На столе за занавеской зашевелился раненый солдат. Алексей помог встать, накинуть гимнастёрку.

— Благодарствую, сынок, — поклонился санитару в пояс пожилой солдат. — Кабы в нашей роте такой чудодей объявился, мы бы кажный божий день на такого молились. Ведь боль, как рукой сняло, и в теле кровь бурлит, будто литр самогона проглотил, и ноги сами в пляс готовы пуститься.

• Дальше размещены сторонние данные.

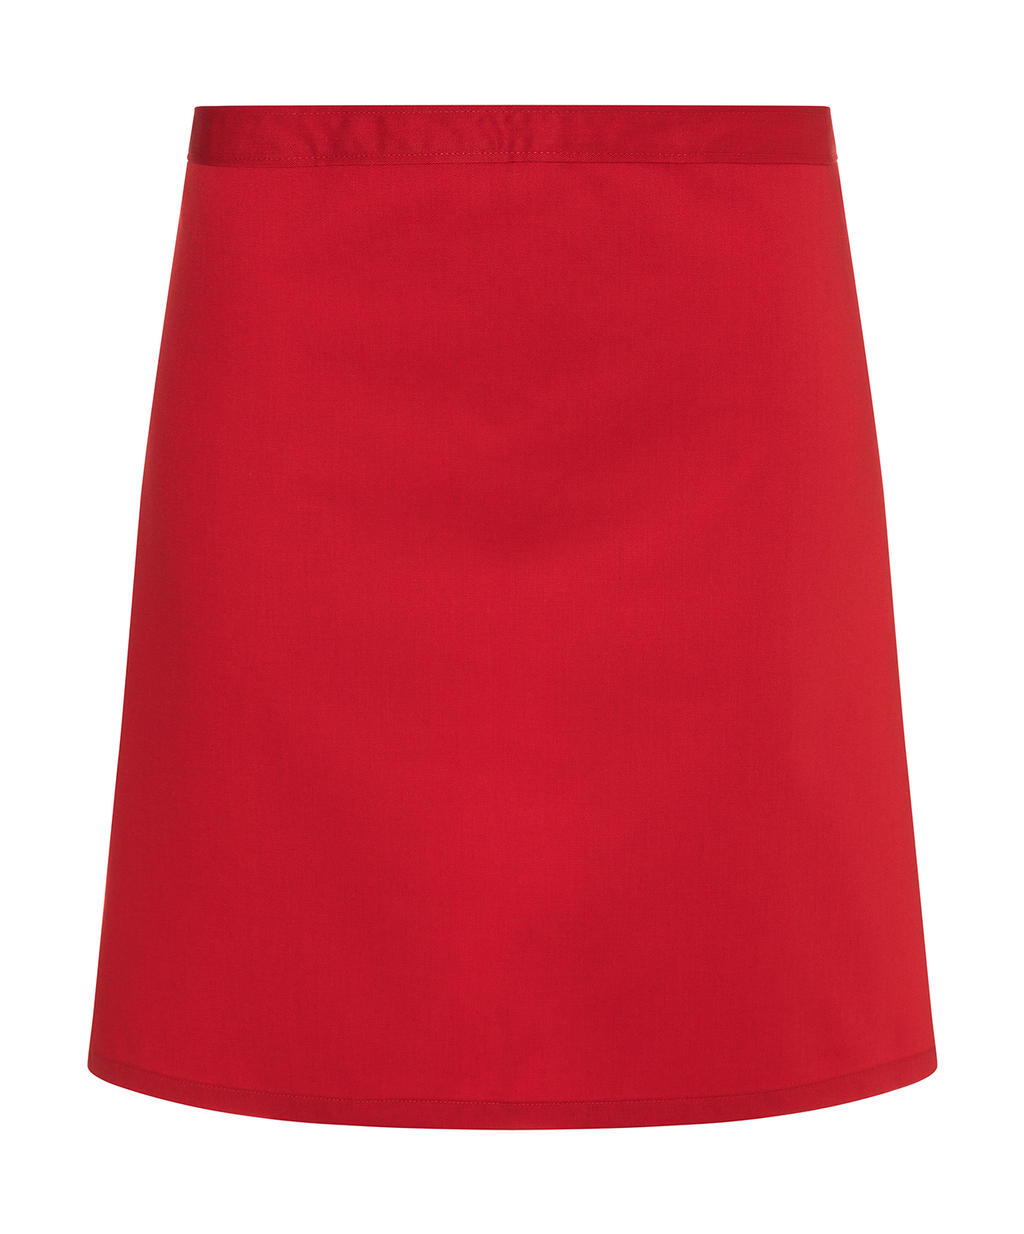  Waist Apron Basic 70 x 55 cm in Farbe Red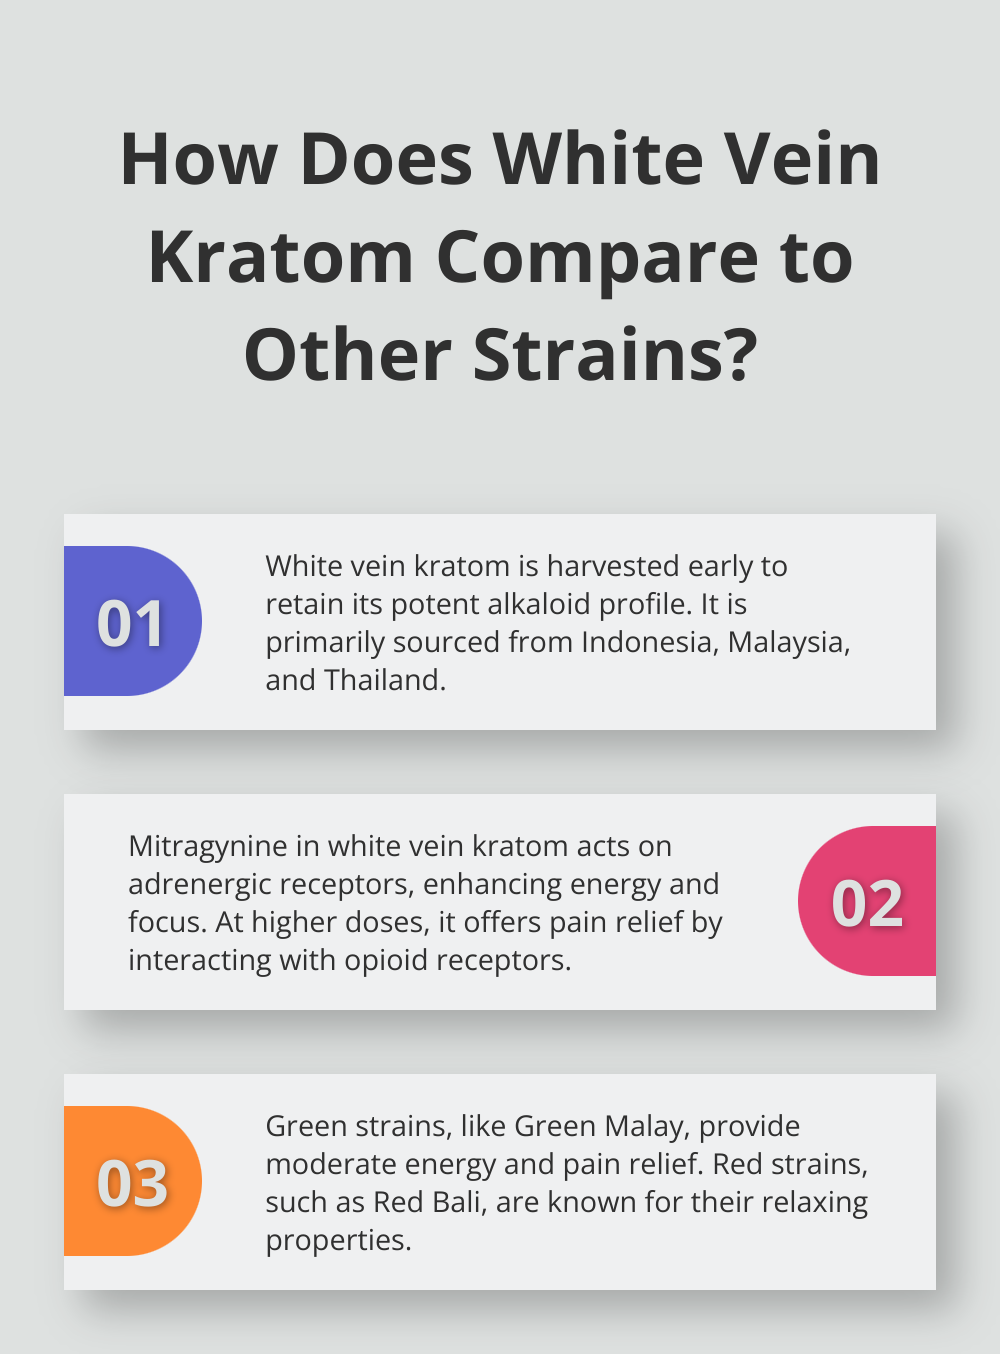 Fact - How Does White Vein Kratom Compare to Other Strains?

— Лучше бы вам, отец, до блиндажа быстрее дотопать, — заботливо проводил его до дверей санитар. — Скоро чары шаманские развеются, боль вернётся. Она для выздоровления тоже полезна. Только мёртвое тело боли не чувствует, живое— страдать должно, тогда лучше бороться будет.

— Мудрые слова глаголишь, — ухватился за бутылку армянского коньяка священнослужитель и страждущим взором глянул, в поисках сосуда, на занавешенные полки. — Только вот, Алексей, про шаманские штучки лучше не упоминай. Печкин, выпроси у Роман Васильевича толстую книжку по медицине. Пусть санитар словам правильным подучится.

— Анестези — и — я, — подняв указательный палец, поведал научное название применённых полевым шаманом чар грамотный Печкин.

— Да я же согласный учиться, — открыто улыбнулся молодой паренёк. — Давайте мне книжек, умных да побольше.

В этот момент в дверь вошёл поручик Ширков и комбат Вольдшмидт.

— Книжек мы, на сей раз, с собой не прихватили, — развёл руками поручик, явив взору две бутылочки «беленькой», — но скучать уважаемой комиссии не дадим.

Все за столом встали, младшие по званию вытянулись в струнку.

— Рад приветствовать вас, отец Онуфрий, в наших краях, — подошёл ближе и поздоровался со священником за руку майор.